However, he refused to comment on a report that this happened because Barclays was told in October 2008 by the deputy governor of the Bank of England Paul Tucker that Barclays did not have to submit its Libor rates as high as it had done.
All of the major leaders in the UK political circles (PM, deputy PM, Chancellor, Shadow Chancellor etc) have all called this the "Right and proper" thing to do but now the questions come in as to whether Gulliver at HSBC and Osorio at Lloyds are safe either. Eric Daniels already lost his fight over the same issue and now it is a question of who knew what and when...rather than being the exception to the rule, Fred Goodwin is now the standard in banking crisis that have engulfed the UK and EU.
The main reason for his departure in the end is believed to be due to his bonus wishes, but Diamond refused to give it up the Hester did a couple weeks ago:
Exclusive: Bank Boss Under Bonus Pressure
So apparently shareholders are less than amused by Barclay's antics but a simple increase in shareholder dividend certainly wasn't going to cut it, and even the resignations are not seen as enough to save the bank's reputation, just by themselves by the looks of it.A number of directors at Barclays believe that Bob Diamond, the Barclays chief executive, will have to hand back millions of pounds in past bonuses if he is to save his job, I have learned.
"It would have to be on a voluntary basis but a meaningful gesture of some kind is needed," a person close to the board tells me.
Leading shareholders are also applying pressure to the Barclays board to ensure that a more material financial sacrifice is made by Diamond ahead of his appearance in front of the Treasury Select Committee on Wednesday.
Last week, Diamond and three of his executive colleagues said they would waive any bonus entitlement for 2012 in light of the bank’s £290m fine for rigging the Libor benchmark interest rate.
One investor called that move "meaningless".
He said that because many shareholders believe that awarding any bonus for this year would have been impossible after Barclays’ tax avoidance settlement with the Government, the interest rate swaps mis-selling scandal and last week’s fines by regulators in the UK and US.
None of the shareholders to whom I’ve spoken think that the resignation of Marcus Agius, the chairman, will in itself be sufficient to restore faith in Diamond. Barclays confirmed this morning my disclosure yesterday that it was poised to commission an independent inquiry into the culture of the bank.
I’m told that Diamond is likely to reflect on the pressure to hand back some of the vast riches he was awarded during the 2005-08 period in which Barclays traders attempted to rig the Libor rate.
To be clear, there is no mechanism to force him to do that because clawback did not become an established element of directors’ contracts until recently.
So let's take a look at Diamond's salary:
in 2006, Diamond bagged over 10 million in bonuses (cash) alone, with his base salary and stock and share options above that, and 6.5 million and a share of 11 million respectively the following 2 years. Now a bad way to earn, i guess.

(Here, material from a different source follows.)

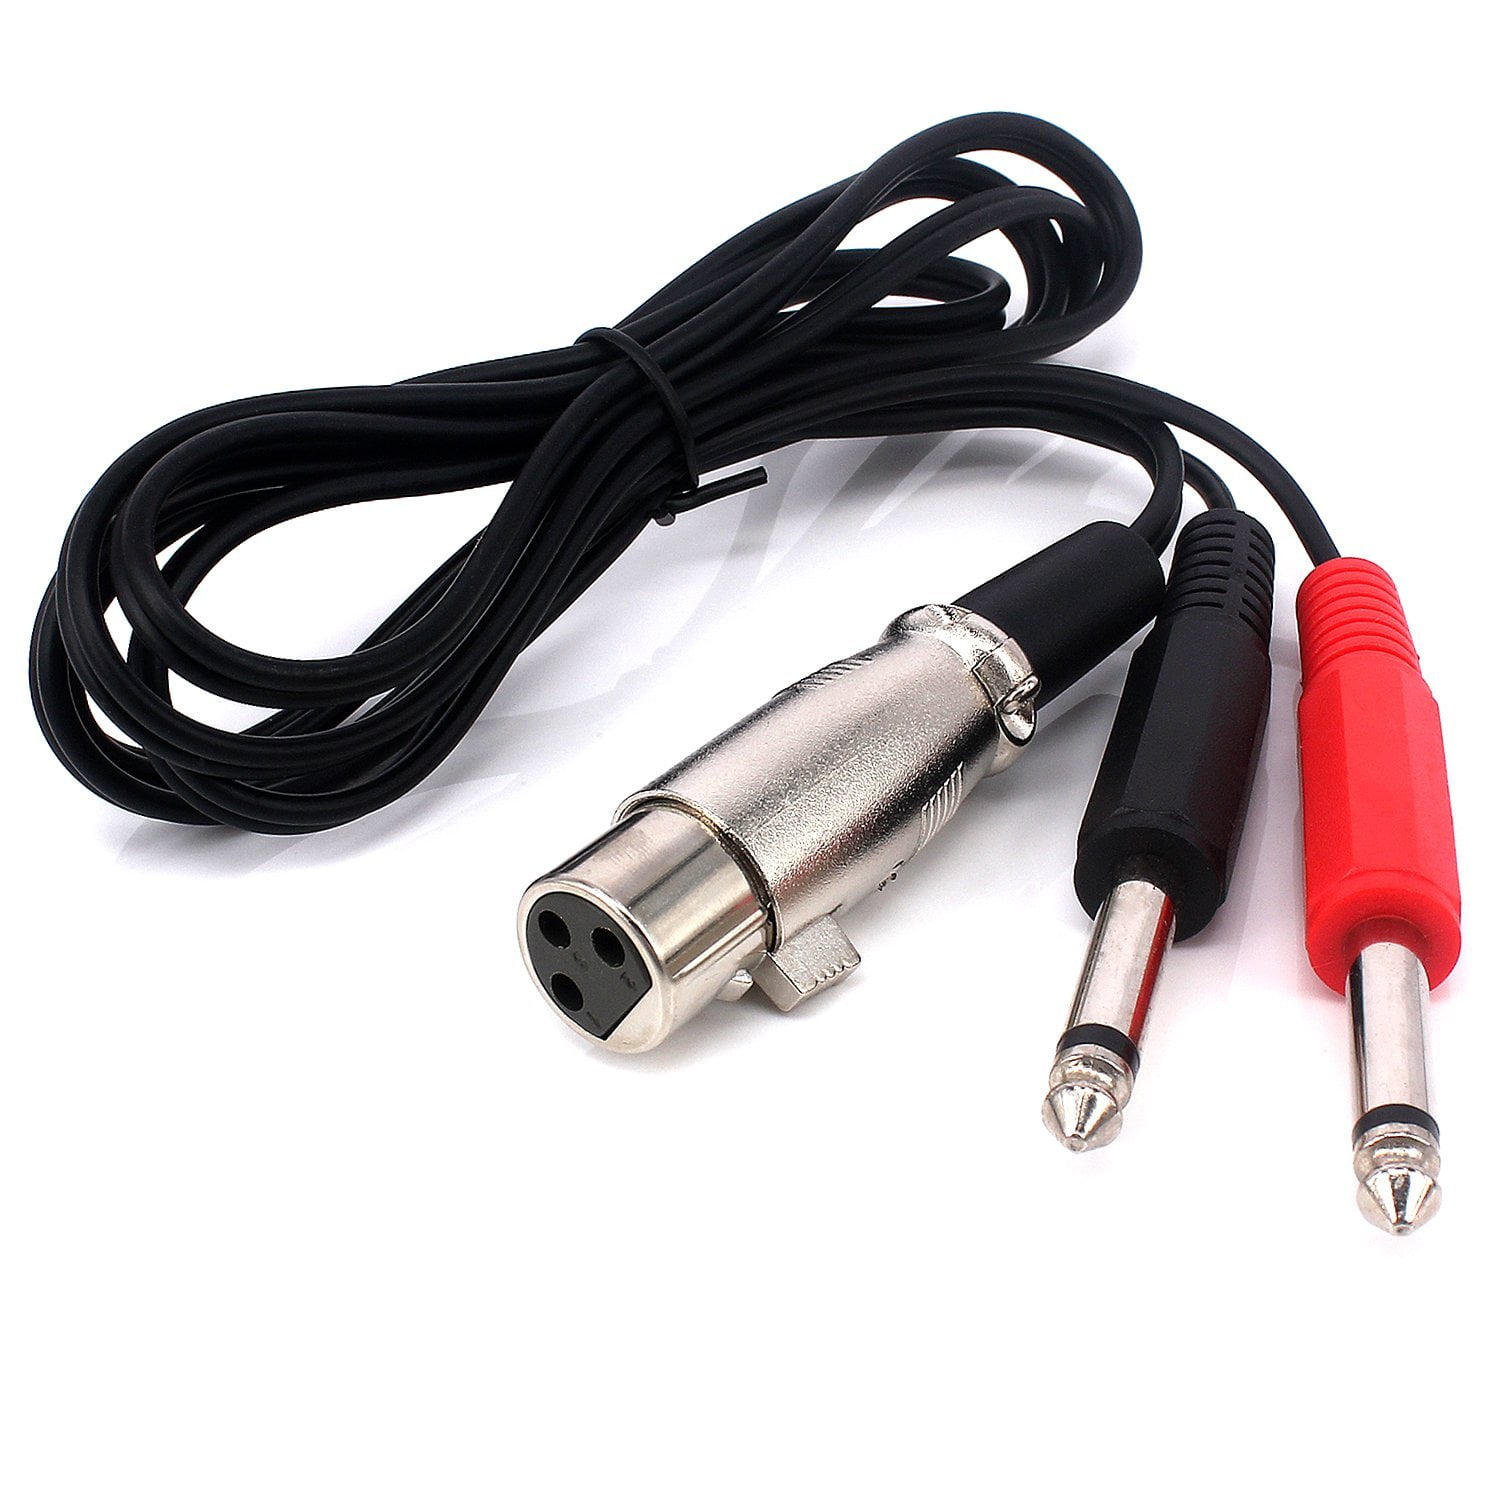 1 female to 2 male audio splitter cable

Looks like Aguis will lead the search for the next CEO, with Anthony Jenkins next in line from the Barclays board, or to keep in the theme of massive losses and fines, they may go with the former head of JPMorgan, Bill Winters.
Barclays CEO Diamond, COO del Missier Resign | Fox Business
Of course this is just the tip of the iceberg by the looks of it with a dozen banks around the world looking at similar if not the same case in conjunction with Barclays, of abuse of inter bank and lending practices. HSBC, Citi, UBS and others are all in the firing line atm.
Of course none of this even addresses the political fallout of all this including the apparent astonishing admission that the Deputy Governor of the Bank Of England managed to give the green light to all this years ago! Now the British leaders are bickering as to how best investigate all this, whether it be a select committee, judicial inquiry, public inquiry etc which is on top of the FSA investigating a civil investigation and the SFO to decide within a month or less whether to bring in criminal charges or not, too.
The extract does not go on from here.